Therefore the language of empirical history cannot be used to represent meta-historical events. The language of symbols or “myths” is the appropriate one. These symbols derive from mythologemas that are stored in the memory of humankind as an echo of anamnesis of prehistoric or meta-historic events.  A myth, in the positive sense of this concept, is a story, expressed in a language not proper to the empirical domain, about what lies beyond this domain, about what belongs to the meta-empirical domain and meta-history. [1]

Hopefully, this will help us understand why fantastic fiction, in all its forms, can provide us comfort, not just because they entertain us, but they act as mini-apocalypses, revealing something about the inner nature of reality, the nature of reality which the author of the tale has, in one fashion or another, experienced for themselves (however exaggerated or developed it becomes in the telling of the tale).
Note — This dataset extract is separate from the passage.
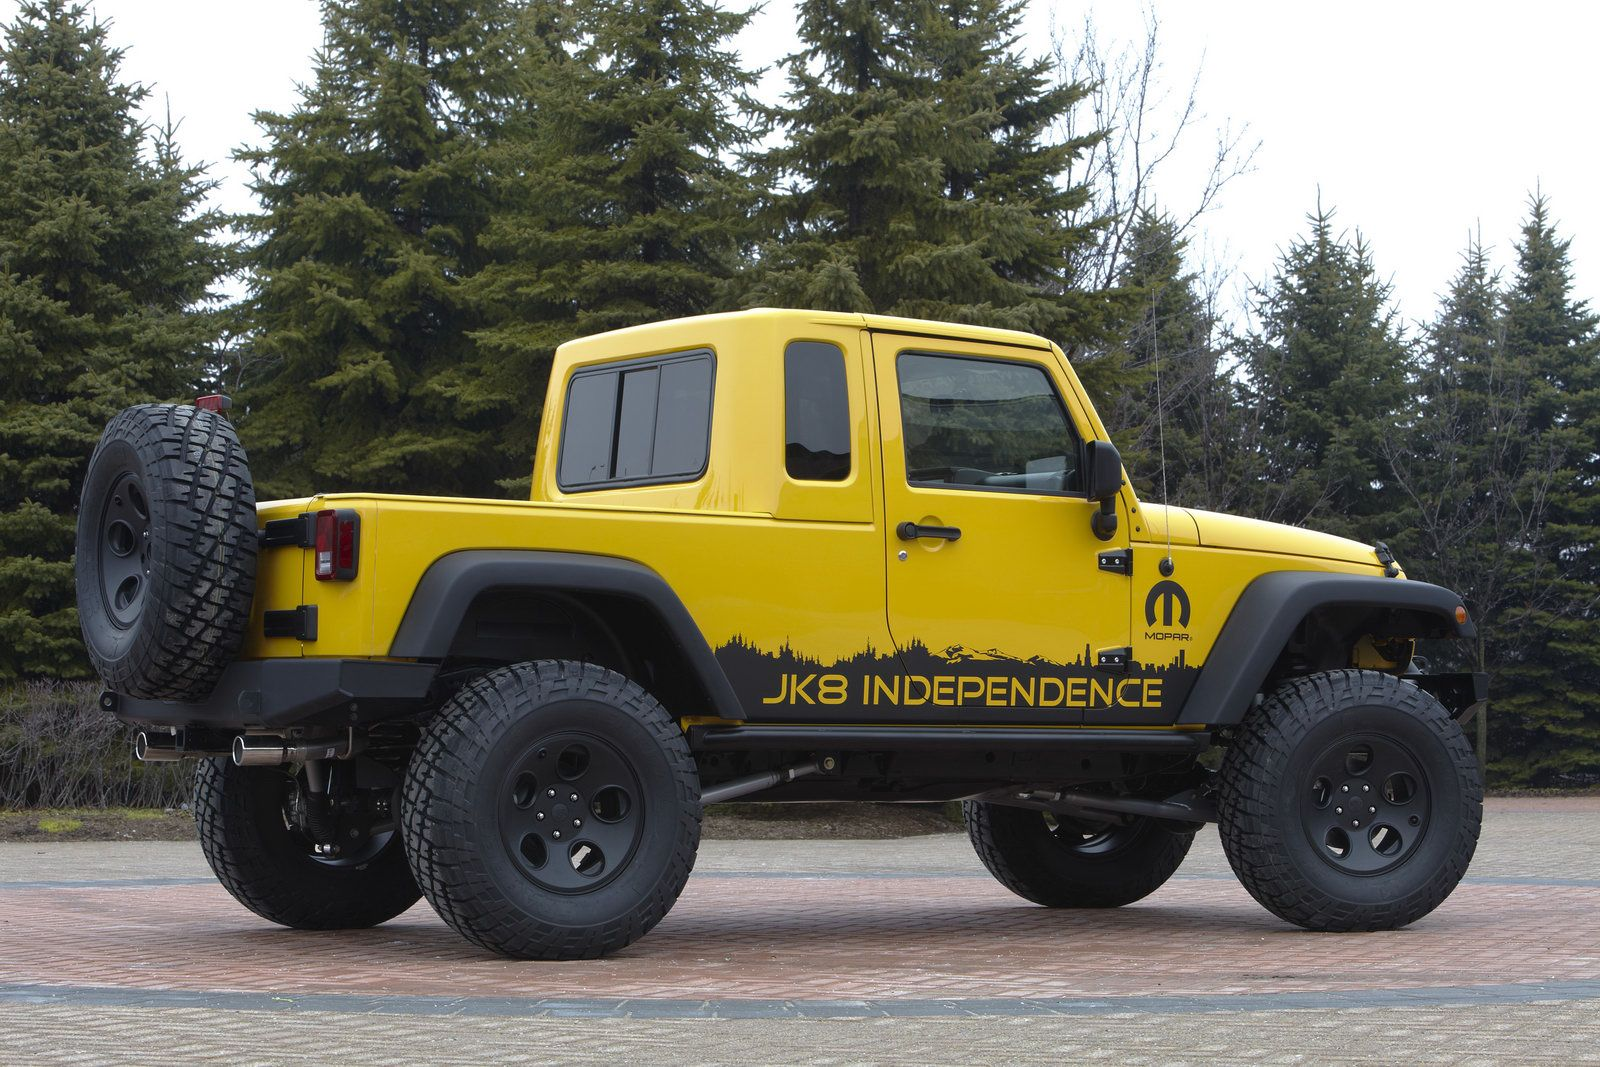 Jeep Wrangler Jk 8 Independence Diy Mopar Kit Allows Owners To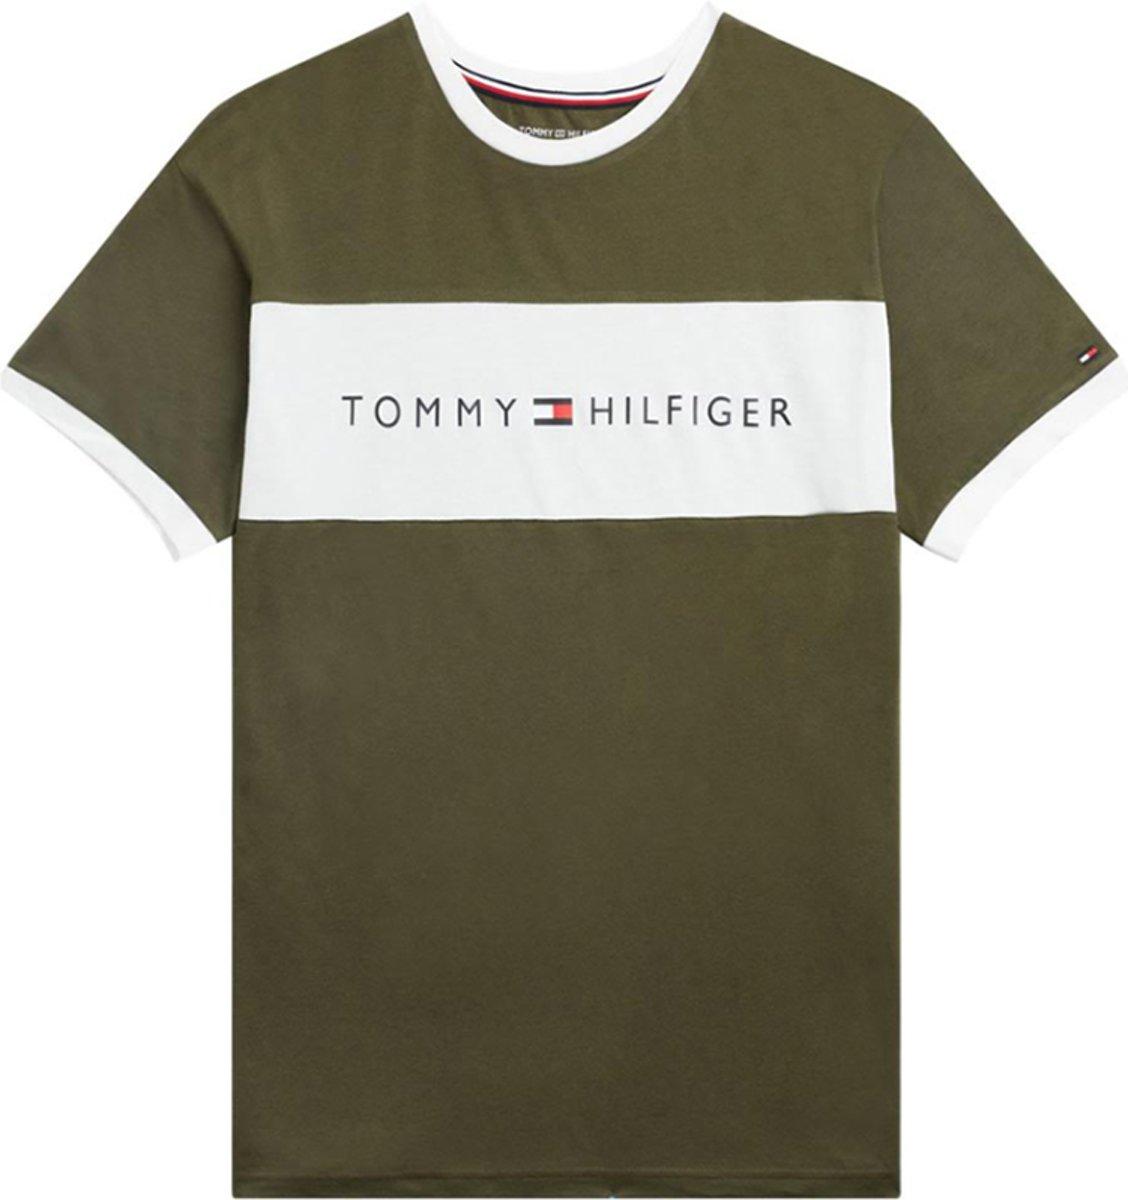 Tommy Hilfiger Heren Ronde Hals Logo Flag T Shirt Groen M

Horror stories remind us, for example, of the demons around us, especially the demons of our own creation, though they can also show us the dark spiritual principles or demons which try to consume or destroy that which is good. That is, we are warned through them of the horror which lies all around us, the horror which we must face and overcome; we see in them that we can lose our fight to them, as many killed in such stories, but usually, there are those who remain to the end and overcome the evil they face, showing us that there can be victory over evil as the goodness of creation, and the goodness within us, can often holds its own against the evil which tries to destroy it.  Good, in other words, is shown to survive, in some form or another, meaning good in and of itself transcends the power of evil, though we are also warned, we often face many such horrors in our life, as those who are victorious one day might have to face another demon, another horror the next day (which, sometimes is a repetition of the one we just faced and overcame, which explains why horror stories can become horror series, where one type of horror constantly returns). However, we also see in such stories, the charm and beauty which evil can have, as evil is never purely evil, pure monstrosity, but rather, it has a beauty of its own, a goodness which it uses and abuses to engage its onslaught against nature. This is why, as S.L. Frank surmised, beauty can be said to save the world, but not all beauty will, as some beauty can be said to be an evil beauty (which, of course, many horror stories demonstrate by showing how charming and seductive even the greatest of monsters can be):

Beauty as such does not save him from the destructive forces of evil or from the tragic nature of human life. Beauty as such is neutral. In a sense it is indifferent to good and evil. Symbolizing some potential harmony of being, it peacefully co-exists with actual disharmony. Furthermore, according to Dostoevsky’s profound insight, beauty combines itself in the “divine” and the “demonic,” for wherever we are seduced by deceitful appearances, there we have dealing with the demonic. This lack of concord between beauty – esthetic harmony – and the genuine reconciling, redeeming essential harmony of being was manifested concretely with astonishing persuasive force in the tragic life-experiences of such artists as Botticelli, Gogol, and Tolstoy. We can say that beauty is a sign of the potential harmony of being, of the possibility of actual, fully realized harmony. And if the world were perfectly beautiful, it would be perfectly harmonious, in inner accord, free of tragic duality. Therefore the dream of the ultimate transfiguration of the world is a dream of the complete triumph of beauty in the world. But it is precisely only a dream, which is opposed by the bitter reality of the inner discord and duality of being. Beauty is only a reflection of “paradise,” of the ontological rootedness of all reality in divine total unity.[2]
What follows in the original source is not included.